Это была прилично одетая публика, шагавшая в ногу: широкогрудые черные женщины в очках и с жемчужными ожерельями, мужчины, среди которых было много тощих и сутулых, в скромных шляпах с загнутыми полями. Оберон часто задумывался о том, как большие и толстые черные женщины умудряются к старости приобрести лица, какие обычно бывают у худых людей: обтянутые кожей, суровые и жесткие, словно высеченные из гранита. Эти люди несли на шестах полотнище, занимавшее всю ширину улицы, в котором были прорезаны дырочки в форме полумесяца, чтобы оно не превратилось в парус и не унесло их прочь. Выделенные блестками буквы складывались в слова: ЦЕРКОВЬ ВСЕХ УЛИЦ.
— Та самая церковь, — заметил Зигфрид, устроившийся вытирать стаканы у окна, чтобы лучше видеть. — Где нашли тех парней.
— С бомбами?
— Наглости им не занимать.
Поскольку Оберон все еще не знал, за или против кого выступали бомбисты, найденные в Церкви Всех Улиц, а также совпадают ли их взгляды со взглядами организаторов шествия, ему осталось только согласиться с Зигфридом.
Группу приверженцев Церкви Всех Улиц (скромных бедняков, как понял Оберон), с жавшимися по краю одним или двумя пестроблузочниками Айгенблика и одним наблюдателем из числа носителей слуховых аппаратов, сопровождала недремлющая пресса, пешком и в фургончиках, вооруженные всадники и зеваки. Как заливает прилив лужицы на морском берегу, так просочились в двери «Седьмого святого» двое-трое человек с улицы, принесших с собой жаркое дыхание дня и запах марширующей толпы. Шумно отдуваясь и постанывая (это были жалобы на жару), они заказали пива.

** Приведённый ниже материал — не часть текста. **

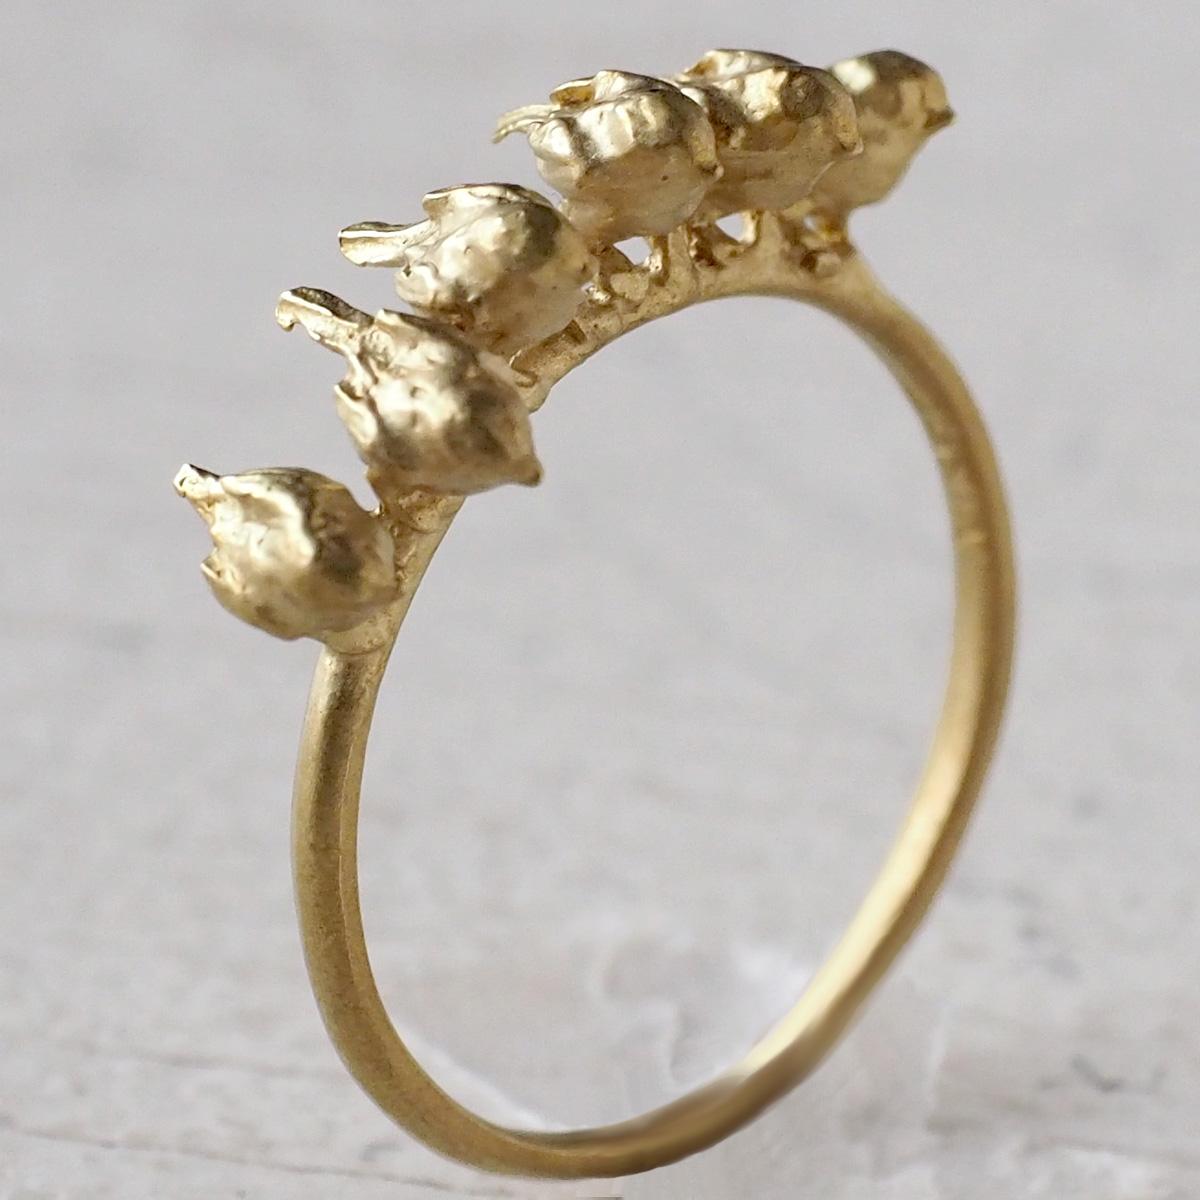 DECOvienya(デコヴィーニャ)手作りアクセサリー エナガいっぱいリング ゴールド [DE-151G]

— Вот, возьмите. — Один из них протянул что-то Оберону на желтой ладони.
Это была тоненькая полоска бумаги, как предсказание судьбы в китайском печенье. На ней было что-то напечатано, но в потной ладони буквы расплылись, и Оберон прочел только заголовок «послание». Еще двое посетителей, смеясь и вытирая с губ пивную пену, сличали похожие полоски.
— Что это значит?
— Разгадка за вами, — весело проговорил участник шествия. Зигфрид поставил перед Обероном спиртное. — Если найдете парную, выиграете приз. Лотерея. А? Их распространяют по всему городу.
В самом деле, снаружи Оберон увидел колонну напудренных мимов или клоунов, которые выплясывали кекуок в хвосте Церкви Всех Улиц. Выделывая незамысловатые акробатические упражнения, паля из игрушечных пистолетов и приветствуя прохожих прикосновением к потертым шляпам, они раздавали теснившейся вокруг толпе такие же бумажки. Люди изучали записки, дети просили еще, все смотрели и сравнивали. Если никто не протягивал руки за запиской, клоуны пускали ее по ветру, который как раз набирал силу. Один из клоунов повернул ручку сирены, висевшей у него на шее; послышался слабый, но жуткий вой.
— Что это, бога ради, — воскликнул Оберон.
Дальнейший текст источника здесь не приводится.